Reunification therapy is NOT an evaluation or a process that will result in any recommendations. This includes developing a time-sharing/access plan, evaluating a parent’s mental health or investigating/determining allegations of child maltreatment. The Reunification Therapist may make therapeutic recommendations related to the therapeutic process itself, but legal recommendations or custody recommendations are outside the therapist’s scope of competency when acting as a provider of reunification services. Reunification therapy IS a process by which families can build healthy and connected relationships in the midst of difficult transitions, particularly in situations in which one parent has not had regular contact with the child(ren). The hope of reunification is that it will result in the re-establishing of the parent/child relationship and that the family members will learn and practice skills in the process that lead to healthier functioning in the future including, but not limited to, the following:
to foster healthy child adjustment;
to facilitate the implementation of the previously agreed to or court-ordered parenting time schedule, dated _____;
to restore adequate parent functioning, parenting and roles;
to work with each parent and their child(ren) towards the goal of identifying and separating each child’s needs and views from each parent’s needs and views;
to assist the parents to fully understand the needs of each child(ren) and the negative repercussions for the child(ren) of a severed or compromised relationship with a parent in their young lives and as adults;
to work with each family member to assist them to form more appropriate parent-parent and parent-child roles and boundaries;
to protect and remove the child(ren) from adult conflict
to replace the child(ren)’s distortions with more realistic perceptions that reflect the child’s actual experience with both parents;
to assist the child(ren) to differentiate self from others and exercise age-appropriate autonomy;
improve the child(ren)’s coping skills and improve appropriate expressions of the child(ren)’s emotional experiences
to help each parent to distinguish valid concerns from overly negative, critical and generalized views relating to the other parent;
to assist the parents resolve relevant parent-child conflicts;
to improve the quality of each parent’s parenting skills and family communication skills;
to improve the adults’ understanding regarding the negative developmental repercussions for the child(ren) of disrupted or compromised relationships with their parents or other caregivers
Rationale for Reunification Therapy and Its Emphasis on the Co-Parenting Relationship
Baker (2007) and many others report that child(ren) who grow up refusing or resisting contact with a parent go on to suffer low self-esteem/self-hatred, depression, drugs/alcohol abuse, lack of trust, alienation from their own child(ren), divorce, and other problems (e.g. identity difficulties, low achievement, anger issues). Further, in adult child(ren) from divorced parents, Ben-Ami and Baker (2012) found significant associations between persistently negative attitudes toward one parent as a child and lower self-sufficiency, higher rates of major depressive disorder, lower self-esteem, and insecure attachment styles as adults.

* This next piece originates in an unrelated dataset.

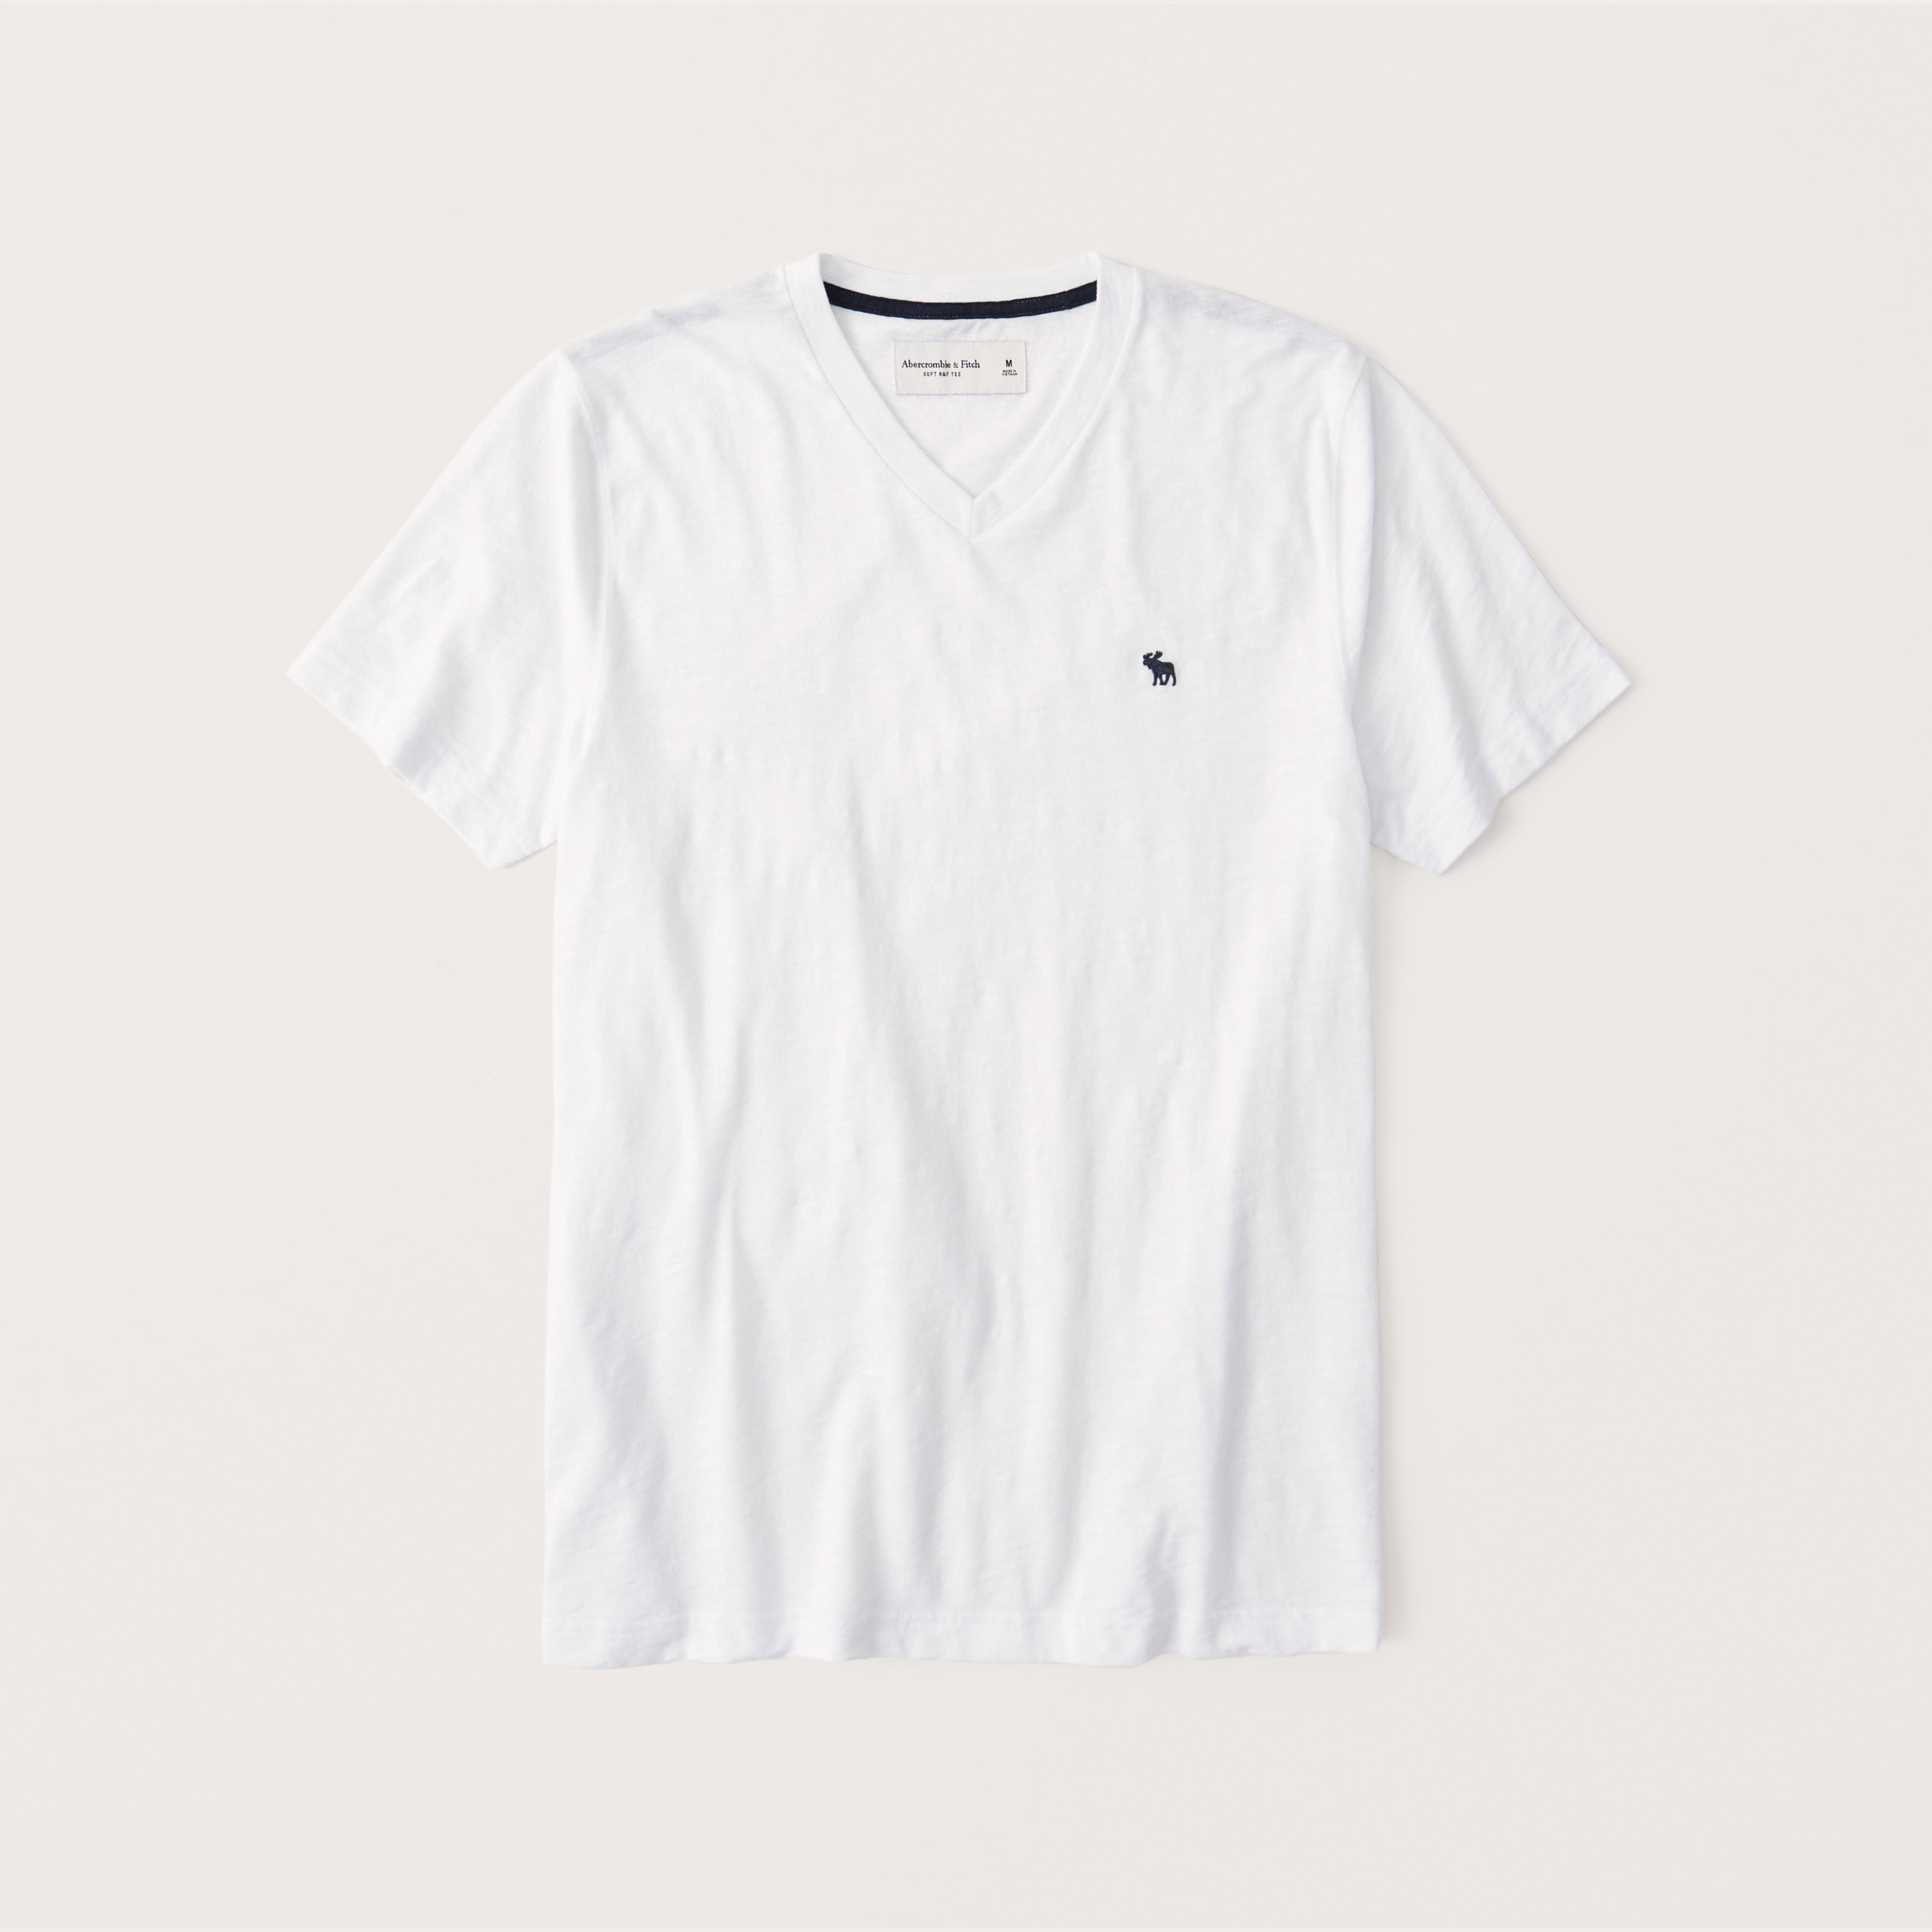 abercrombie white t shirt

The amount of conflict between parents during and after separation is the most powerful predictor of poor mental health in child(ren) in divorced families (Kelly, 2005; Pruett, Williams, Isabella, & Little, 2003; Schick, 2002).
Allowing dysfunctional behaviors to become entrenched through years of litigation and investigation may seriously impair children’s functioning, diminishing the chance that any intervention will be successful when a conclusion is finally reached (Greenburg et al., 2016).